Een oude vrouw, ze loopt gebogen langs de weg. Hier en daar sprokkelt ze een beetje hout bij elkaar. Om straks, thuis, een vuurtje te kunnen maken. Ze heeft nog een klein restje olie en nog een klein beetje meel. Op dat vuurtje kan ze voor haar en haar zoon nog net een klein broodje bakken. Daar kunnen ze samen nog één keer van eten en dan hebben ze niets meer en zullen ze dood gaan van de honger.
Omdat er niemand is die voor ze zorgt. Dan klopt er een man aan en vraagt of ze wat water voor hem heeft en wat te eten. Een vreemdeling, uit een ander land, hij ziet er vreemd uit. Hij drukt zich gebrekkig uit in haar taal. Ze kijkt naar hem en zegt dat ze hem niets te eten kan geven, omdat ze zelf nog net genoeg heeft. Als je mij te eten geeft, zegt de man, zal je olie en je meel niet opraken. Ze gelooft de man, wat heeft ze te verliezen? Ze bakt een brood voor hem en ziet dan hoe dat beetje olie en meel dat ze nog heeft niet minder wordt. Elke dag kan ze een brood bakken. Haar geloof in die man geeft haar weer een toekomst, perspectief. Het is een verhaal dat je tegen kunt komen in de bijbel. De man die dat laatste broodje van die vrouw kreeg was de profeet Elisa. Het verhaal laat zien hoe God voor jou zorgt. Ik moest denken aan de Here Jezus zelf, die met maar vijf broodjes en twee visjes een menigte van meer dan vijfduizend mensen te eten gaf. En toen iedereen verzadigd was bleef er meer over dan waar Hij mee begon.
Jezus roept ons op de naaste zijn van elk mens dat op je pad komt en je nodig heeft. Jezus gaat nog verder, Hij vereenzelvigd zich met de vreemdeling. En wat doen wij? We gaan een theologische discussie aan over wie die vreemdeling dan wel mag zijn. En we maken ruzie over wie we wel en wie we niet moeten helpen en huisvesten. Wie een echte vluchteling is en wie een vreemdeling is. Je kunt toch niet iedereen helpen en we hebben zelf overal al zo weinig van. We kijken elkaar beschuldigend aan over wie eigenlijk verantwoordelijk is voor de opvang van al die mensen. Wat zou er gebeuren als we een voorbeeld zouden nemen aan die oude vrouw, die het weinige dat ze had aan een ander gaf. Als we ons samen verantwoordelijk zouden voelen, mensen hartelijk verwelkomen en samen zouden geven van wat we hebben aan wie ons er om vraagt. Eten, drinken, huisvesting, een beetje geluk, een toekomst met perspectief.
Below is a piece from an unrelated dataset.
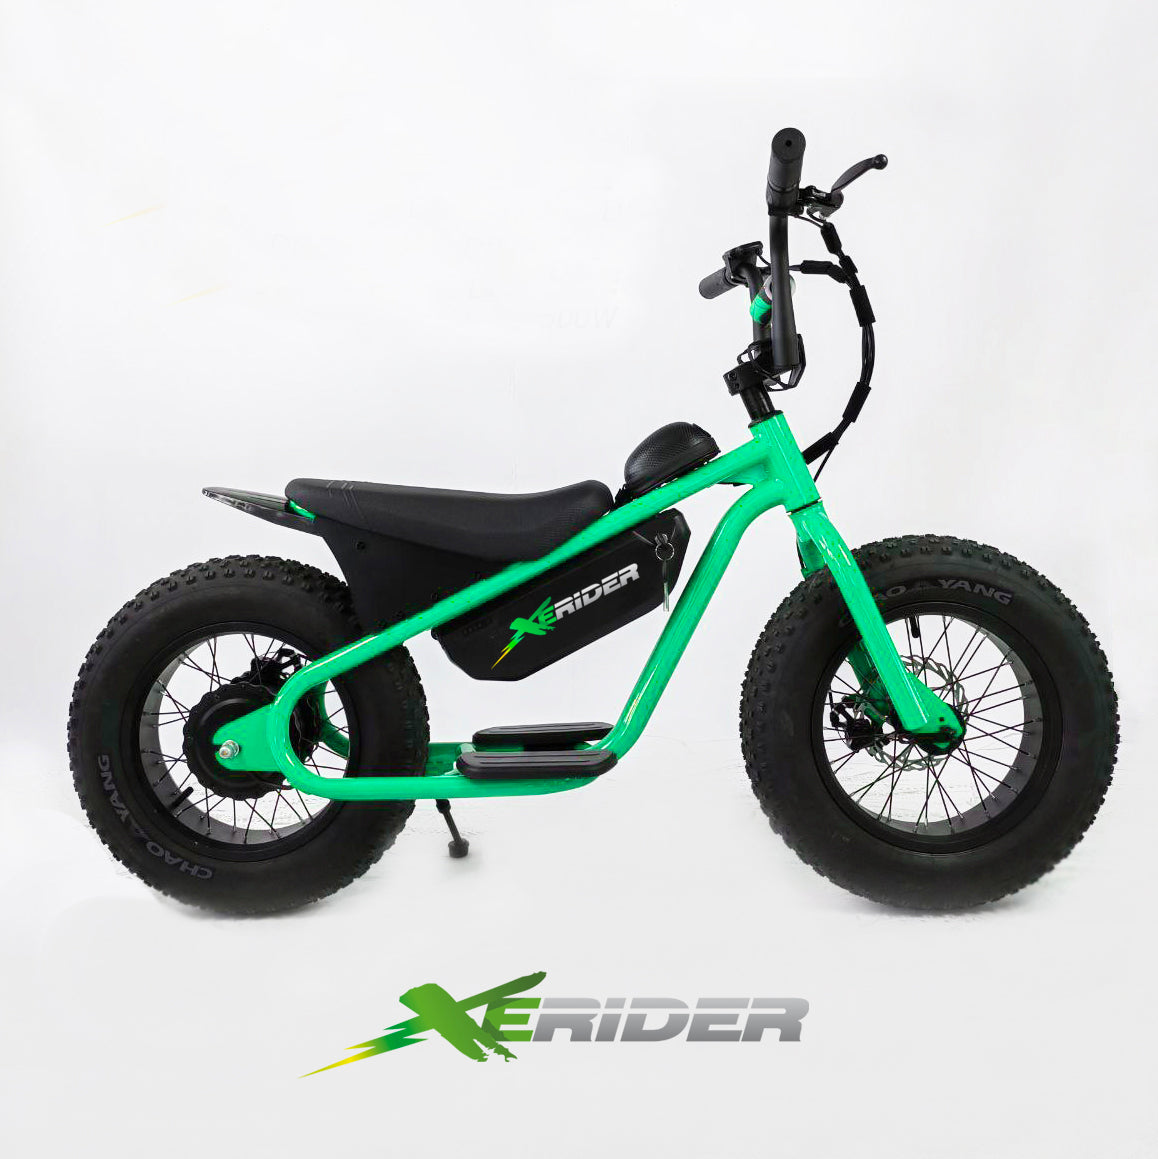 MINI FAT BIKE XERIDER Electric motorcycle/balance bike

In het vertrouwen dat God voor je zorgt. Zou dat ons en onze samenleving ook weer een ander perspectief kunnen geven?
De vreemdeling, de vluchteling, de gelukzoeker. Hoe je ze ook noemen wilt, ze zijn je naaste. Als je ze goed in de ogen kijkt, kun je zomaar de Here Jezus herkennen. Laten we er voor waken dat we Hem niet zomaar weg sturen.